If so, then I'm not sure what could happen. It's not supported to have multiple daemons. You will fail like you saw. I think this patch:

https://github.com/open-iscsi/tcmu-runner/pull/519

fixes that issue, but I think there was some more bugs, so I never got around to merging that patch.

Is this something you need to support? If so, test out that patch and feel free to send patches.

bno1 commented 4 years ago

I think that pull request breaks stuff if no daemon has a handler for the added device. I think it would break what this PR tried to solve: https://github.com/open-iscsi/tcmu-runner/pull/177.

Anyway, if multiple daemons are not supported, how does tcmu-synthesizer work with targetcli? It tries to register the handler with tcmu-runner over dbus, so I assumed that this is a valid use case. Also, if multiple daemons are not supported, then tcmulib_register shouldn't even exist.

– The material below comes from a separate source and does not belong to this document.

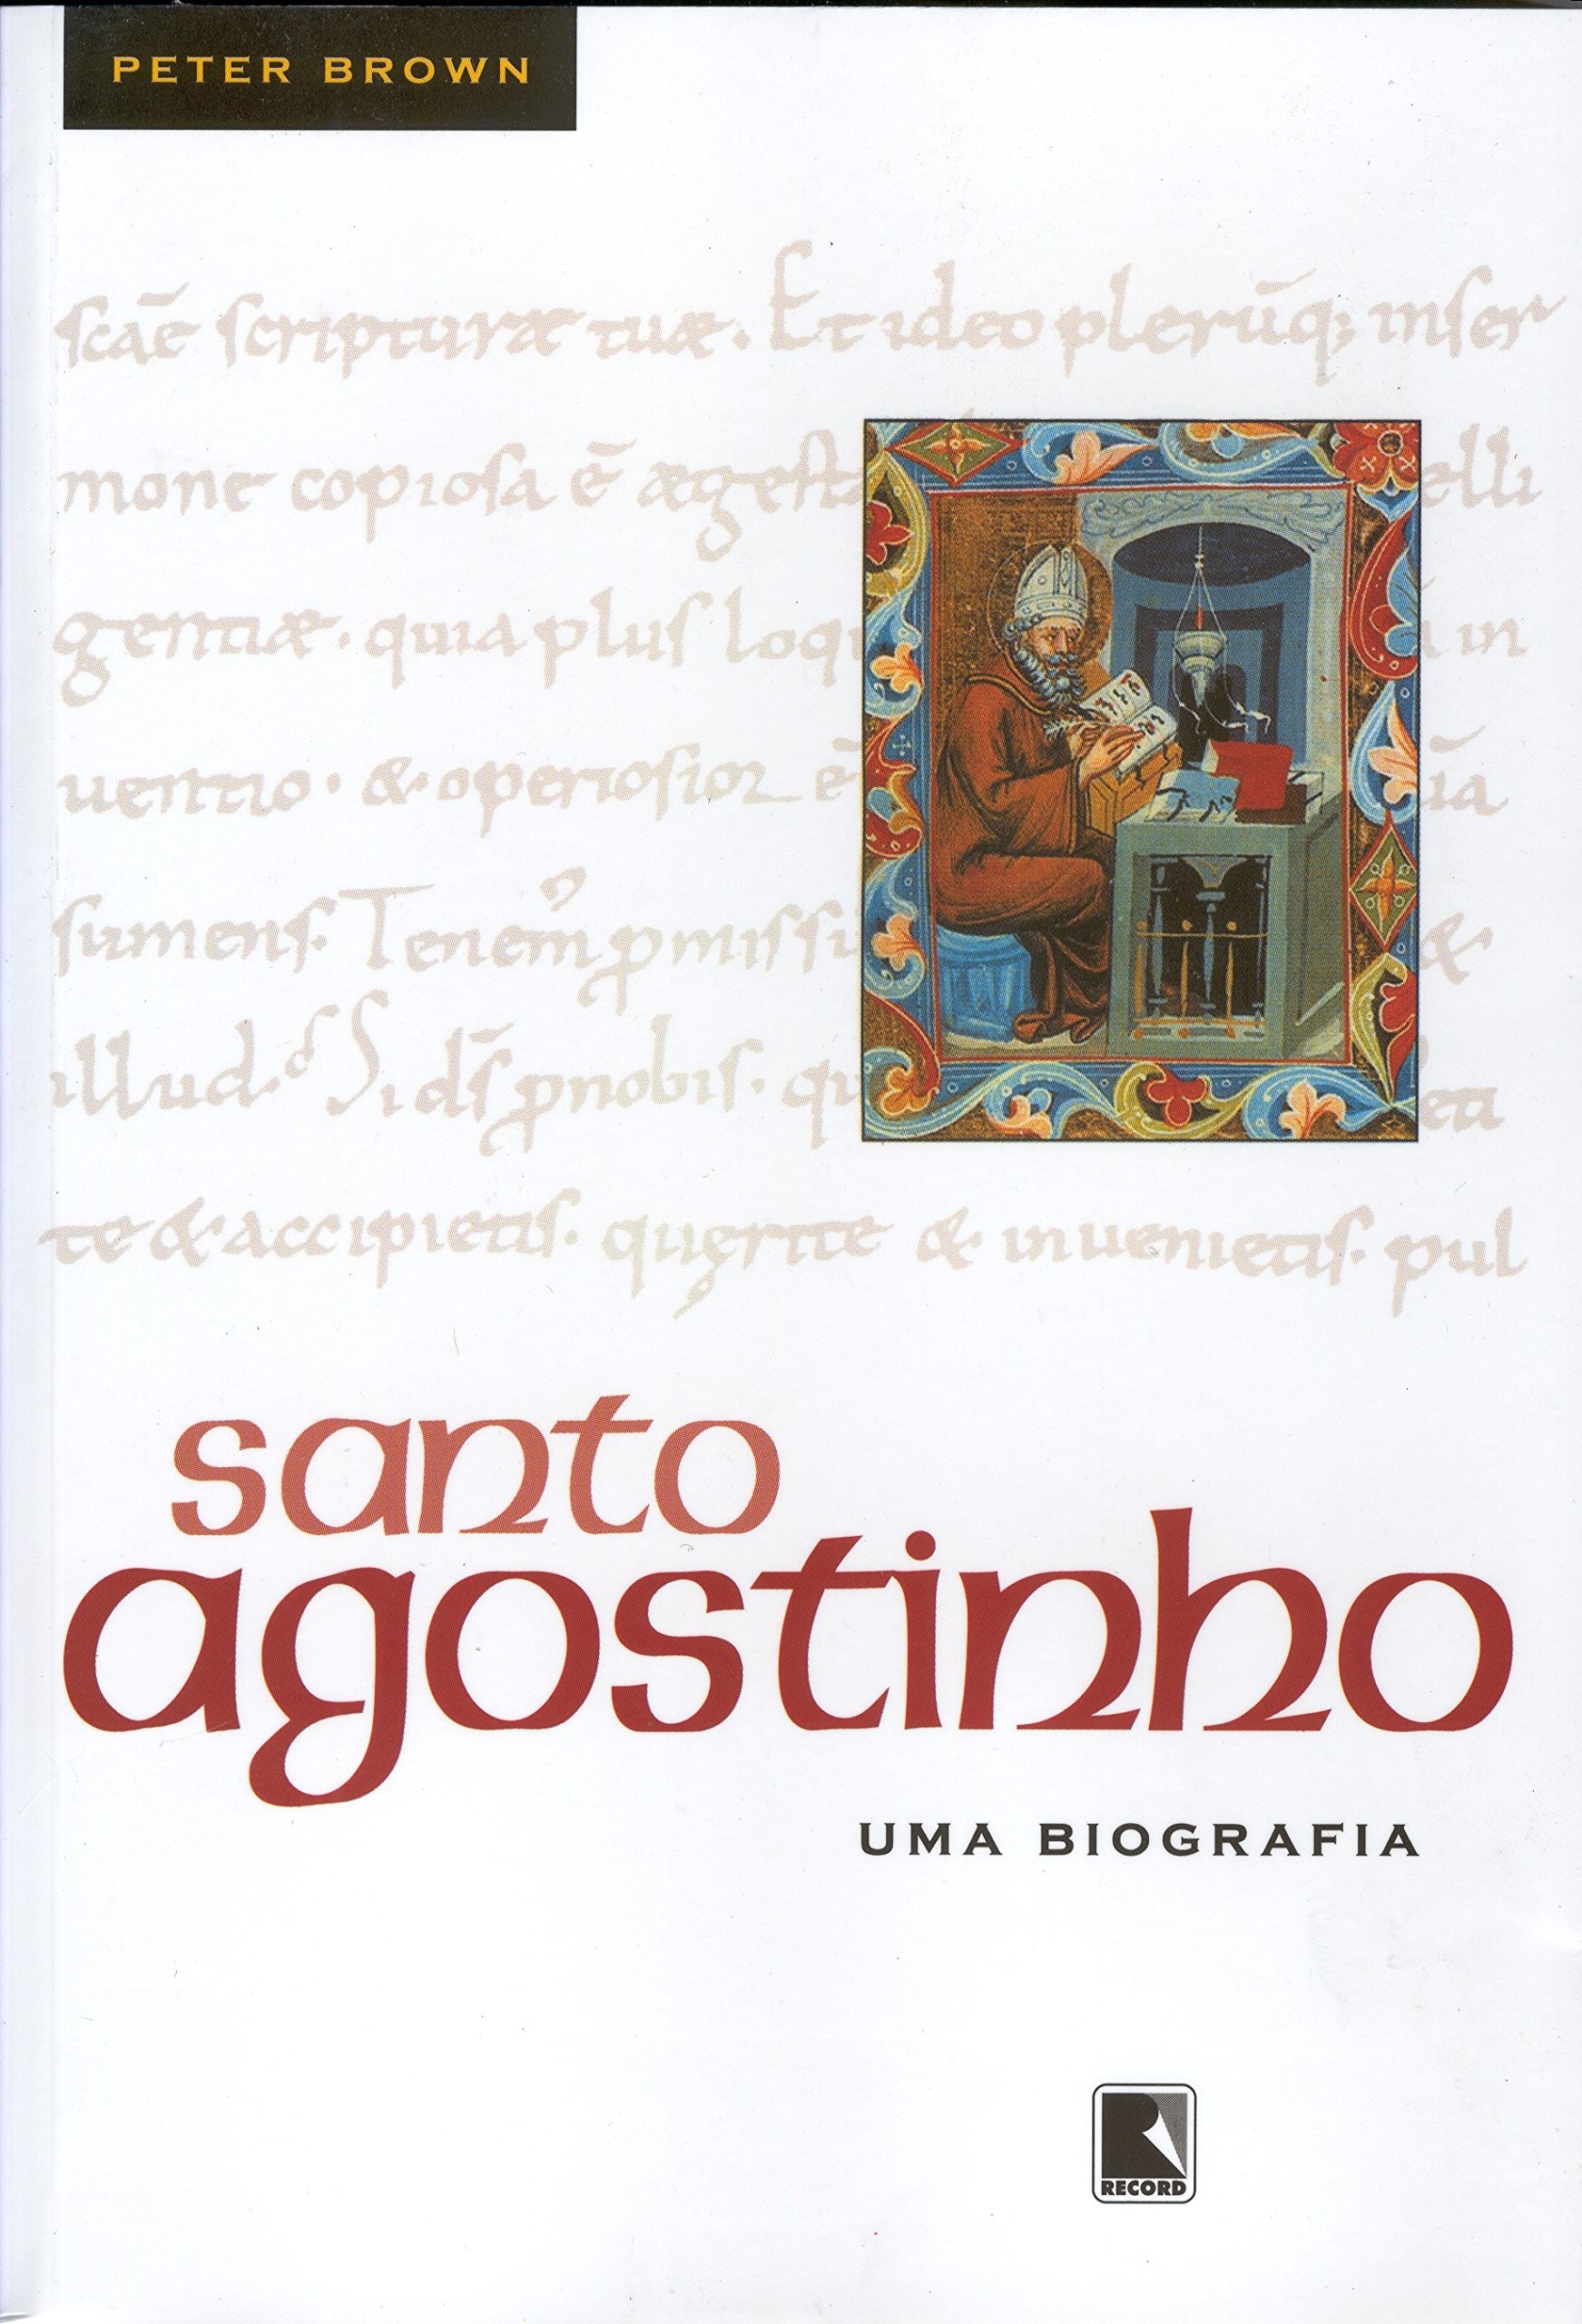 Santo Agostinho - Uma Biografia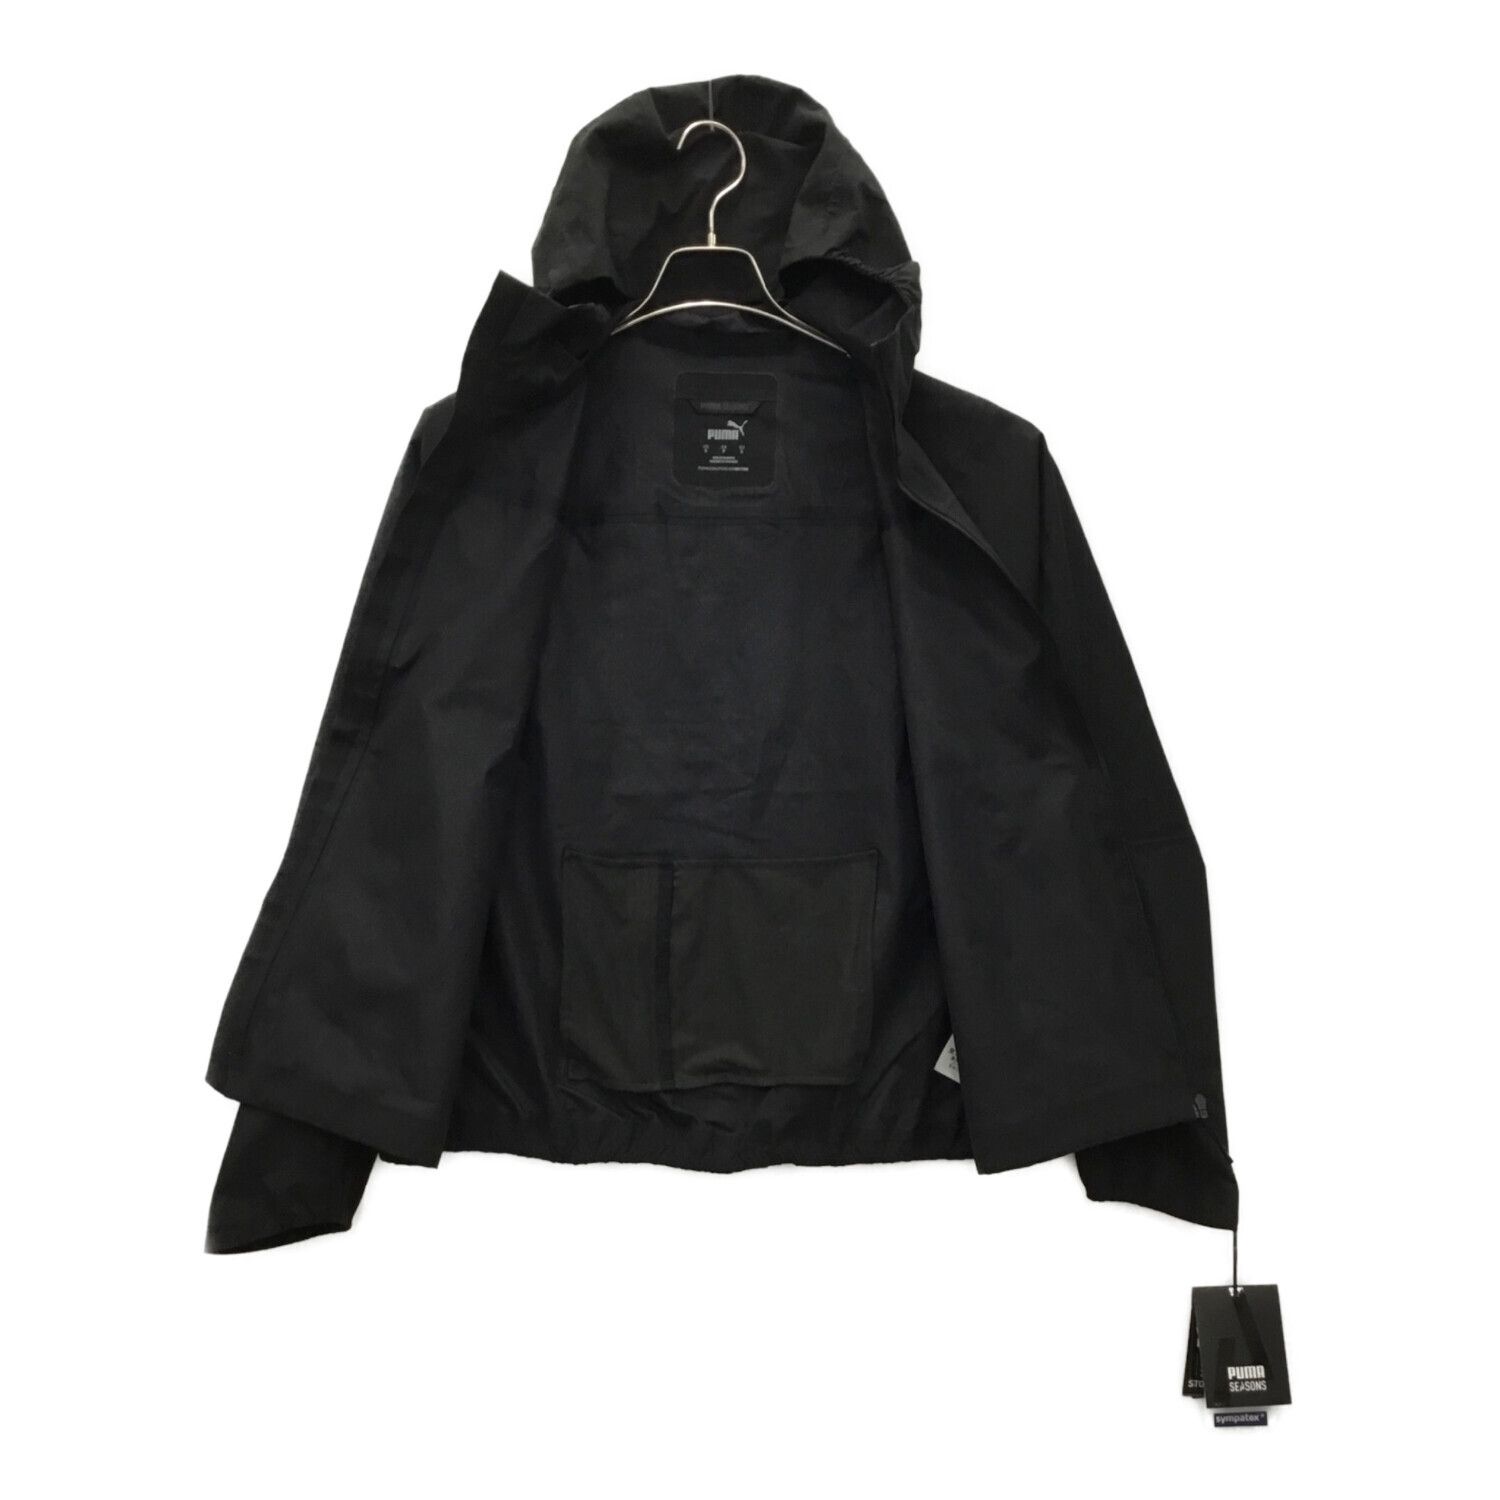 PUMA (プーマ) ランニングジャケット レディース SIZE S ブラック

If this is the case, then can you please add a disclaimer in the readme and tcmu-synthesizer explaining this so people don't waste their time trying this like I did.

Writing your own tcmu daemon is appealing because some applications are too big or complex to be contained in a tcmu-runner plugin, and libtcmu doesn't copy memory between the kernel and the handler, so I'm not the first or the last person to think of writing their own daemon.